Agriculteurs en colère : manifestations et barrages à Toulouse avant le vote sur le Mercosur
Ce mercredi 7 janvier, des agriculteurs ont investi les rues autour de Toulouse pour protester contre la gestion de la dermatose bovine et l’accord Mercosur. Plusieurs barrages ont été érigés, malgré les arrêtés préfectoraux, et certains tracteurs se dirigent déjà vers Paris.
Des agriculteurs sont de retour dans les rues ce mercredi 7 janvier, à l’approche d’un vote crucial sur le Mercosur, mais aussi pour protester, une nouvelle fois, contre la gestion de la dermatose bovine.
Autour de Toulouse, notamment, des membres de la Coordination rurale n’ont pas hésité à braver les arrêtés d’interdiction pris par la préfecture pour empêcher les manifestations, où des dizaines de barrages ont été érigés tout au long de la journée.
Le périphérique toulousain a été, en partie, bloqué. Les tracteurs ont fait face aux gendarmes sans pouvoir rentrer à l'intérieur de Toulouse. Tout a débuté très tôt ce mercredi matin.

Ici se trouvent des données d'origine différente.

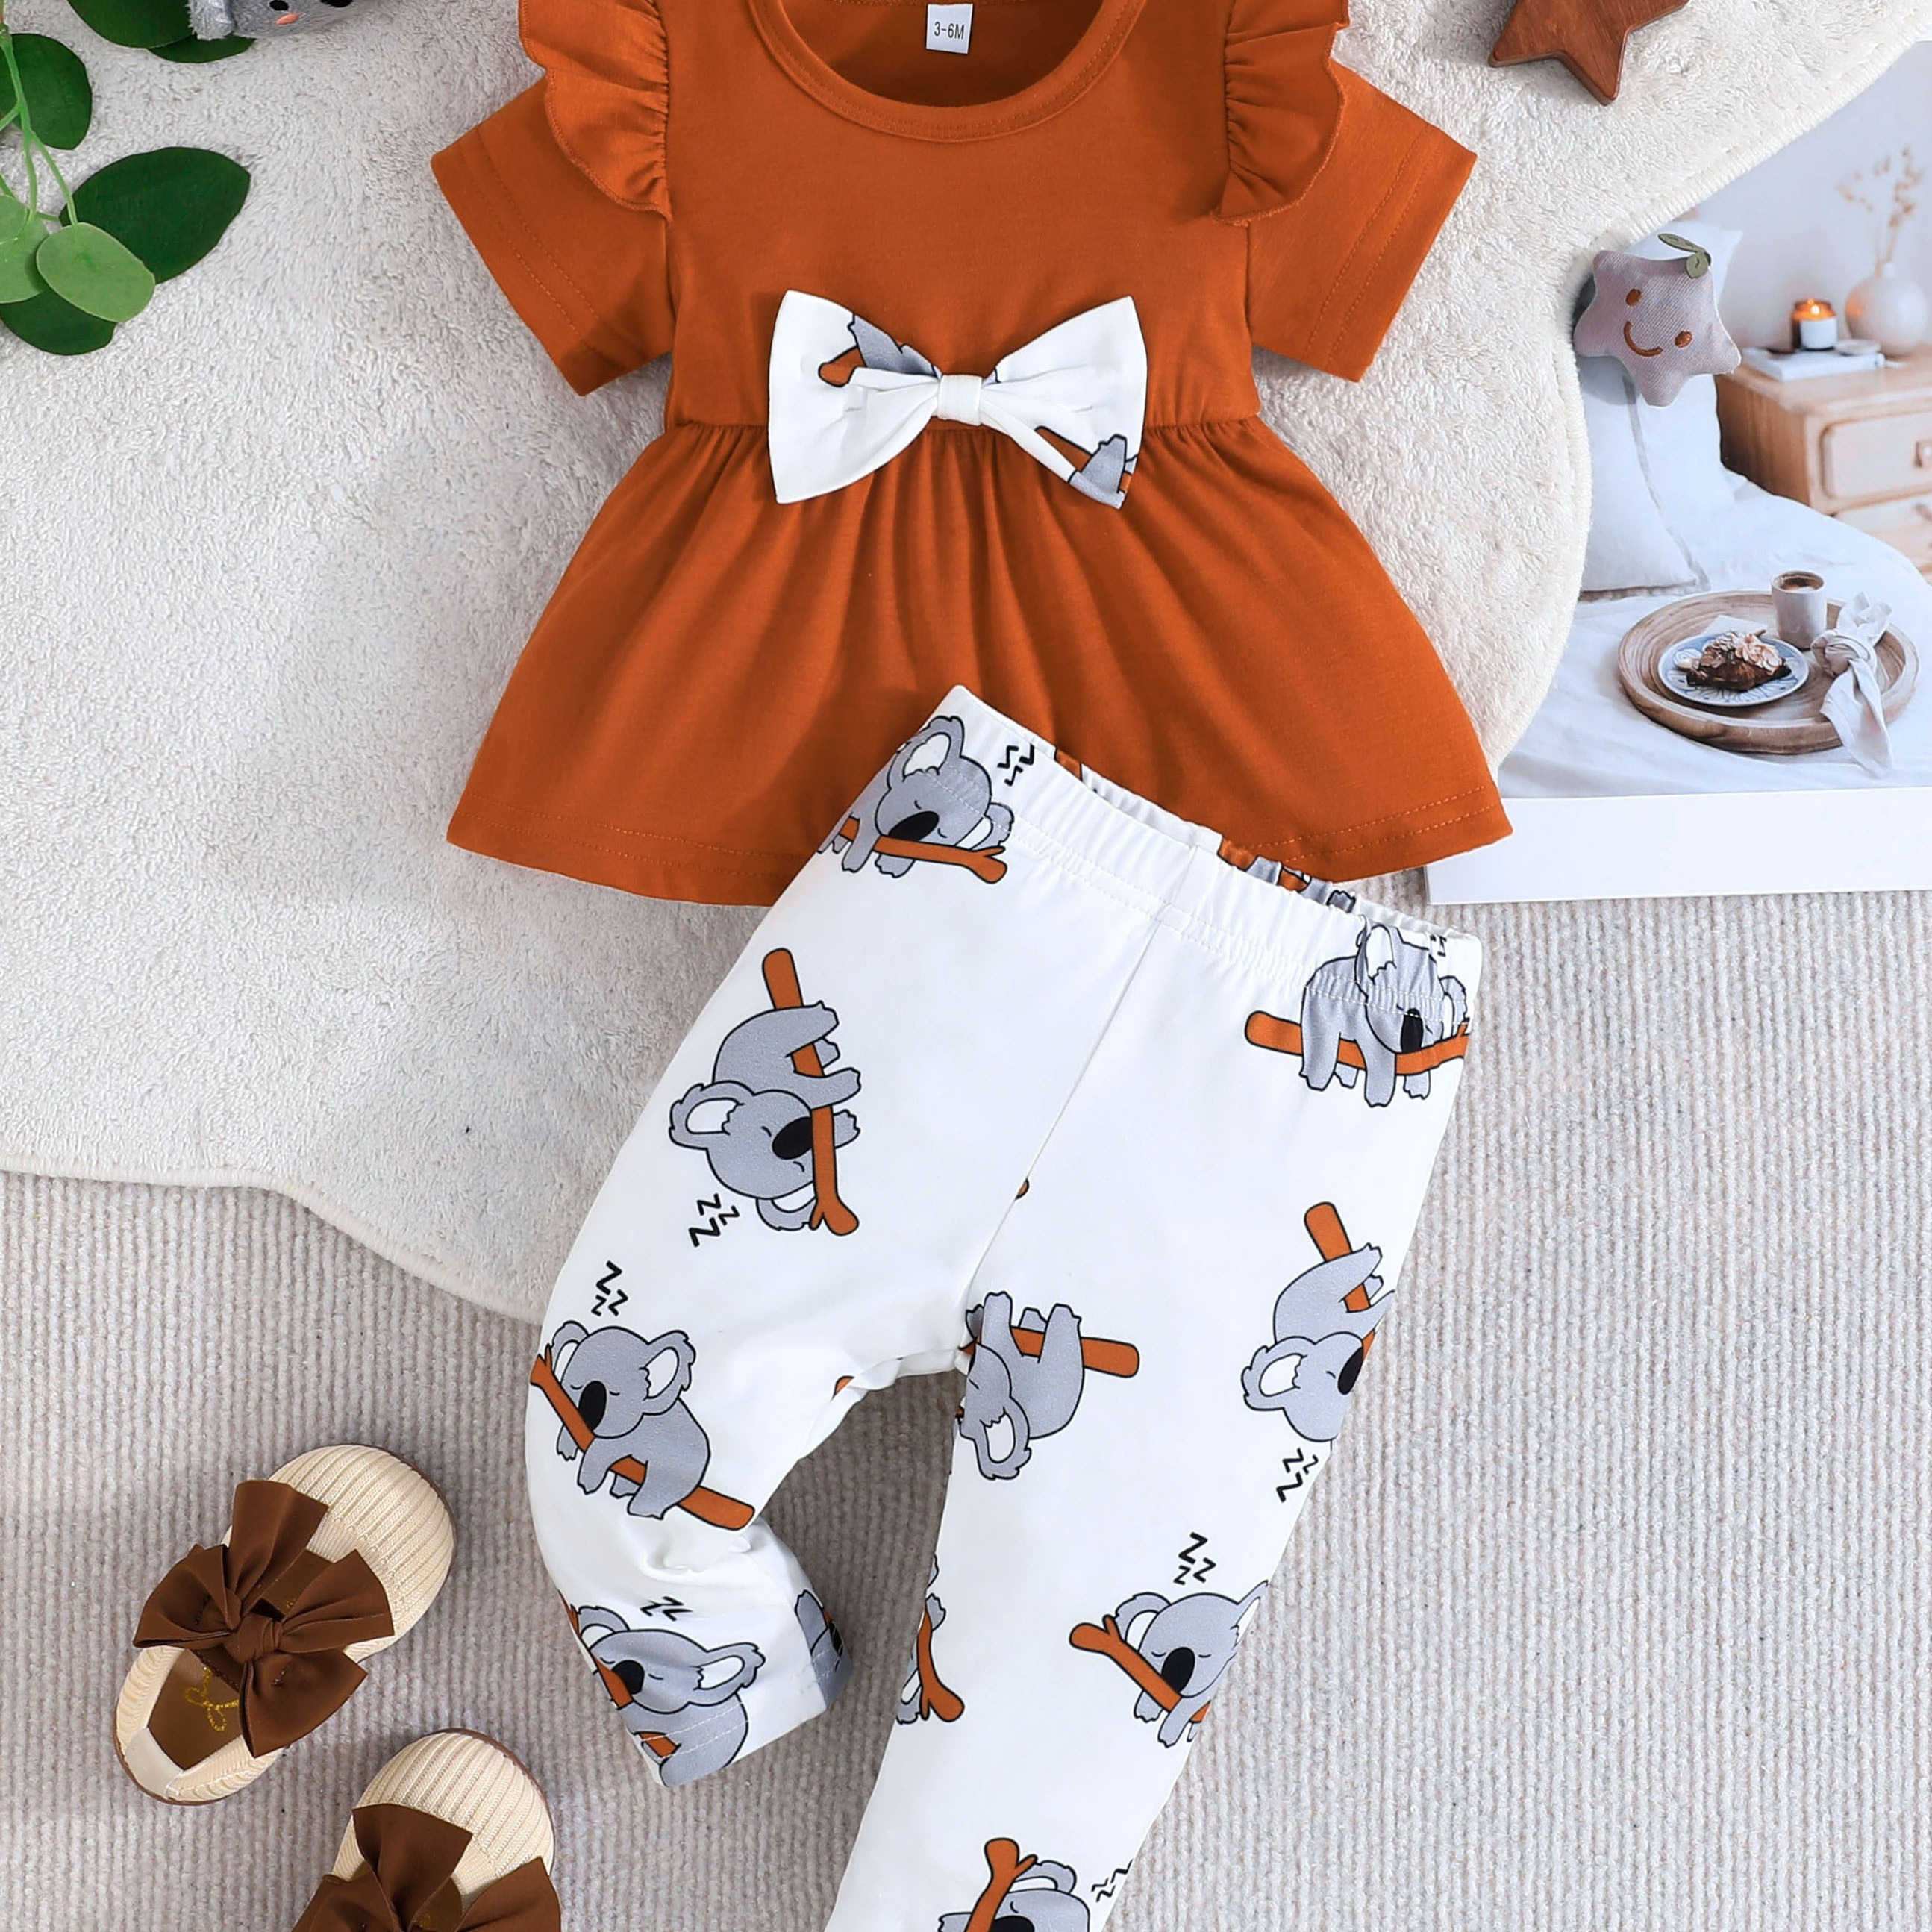 

Baby's Cartoon Koala Print 2pcs Casual Outfit, Short Sleeve Peplum Top & Pants Set, Toddler & Infant Girl's Clothes For Daily/holiday/party

"Quand vous savez que vous allez tout perdre, il n'y a plus grand-chose qui vous arrête"
Répartis aux quatre coins de la ville, les différents cortèges sont composés d'éleveurs comme Florian Marronnès. "On avait demandé à ce qu'on puisse ne tuer que les bêtes malades. C'est toujours l'intégralité des troupeaux. On sent qu'on peut tout perdre dès le lendemain. Quand vous savez que vous allez tout perdre, il n'y a plus grand-chose qui vous arrête", témoigne l'agriculteur.
Et justement, plus grand-chose ne peut arrêter Enzo. "Moi, actuellement, je suis céréalier. Sur mon exploitation, je n'arrive à rien me dégager. C'est misérable, quoi. On est pris pour des merdes. Ça fait deux ans qu'on nous balade. Et il va falloir amplifier les blocages. Quitte à, comme aujourd'hui, être en infraction, ce n'est pas grave. Il faut qu'on continue et on a envie. On n'attend que ça, maintenant", exprime Enzo.
Une mobilisation qui continue ce mercredi soir et pourrait bien se poursuivre ce jeudi 8 janvier. Si tout s'est déroulé sans altercation avec les forces de l'ordre ce mercredi, au moins deux agriculteurs ont été placés en garde à vue pour entrave à la circulation.
Un appel pour monter sur Paris
Toujours à l'appel de la Coordination rurale, des agriculteurs sont déjà en route vers Paris, à l'image de ces quatre tracteurs qui ont tenté de forcer un barrage de gendarmerie dans les Yvelines.
Trois interpellations ont été effectuées après ce coup de force. La ministre de l'Agriculture, Annie Gennevard, appelle les paysans en colère à manifester dans le calme, sans bloquer la capitale.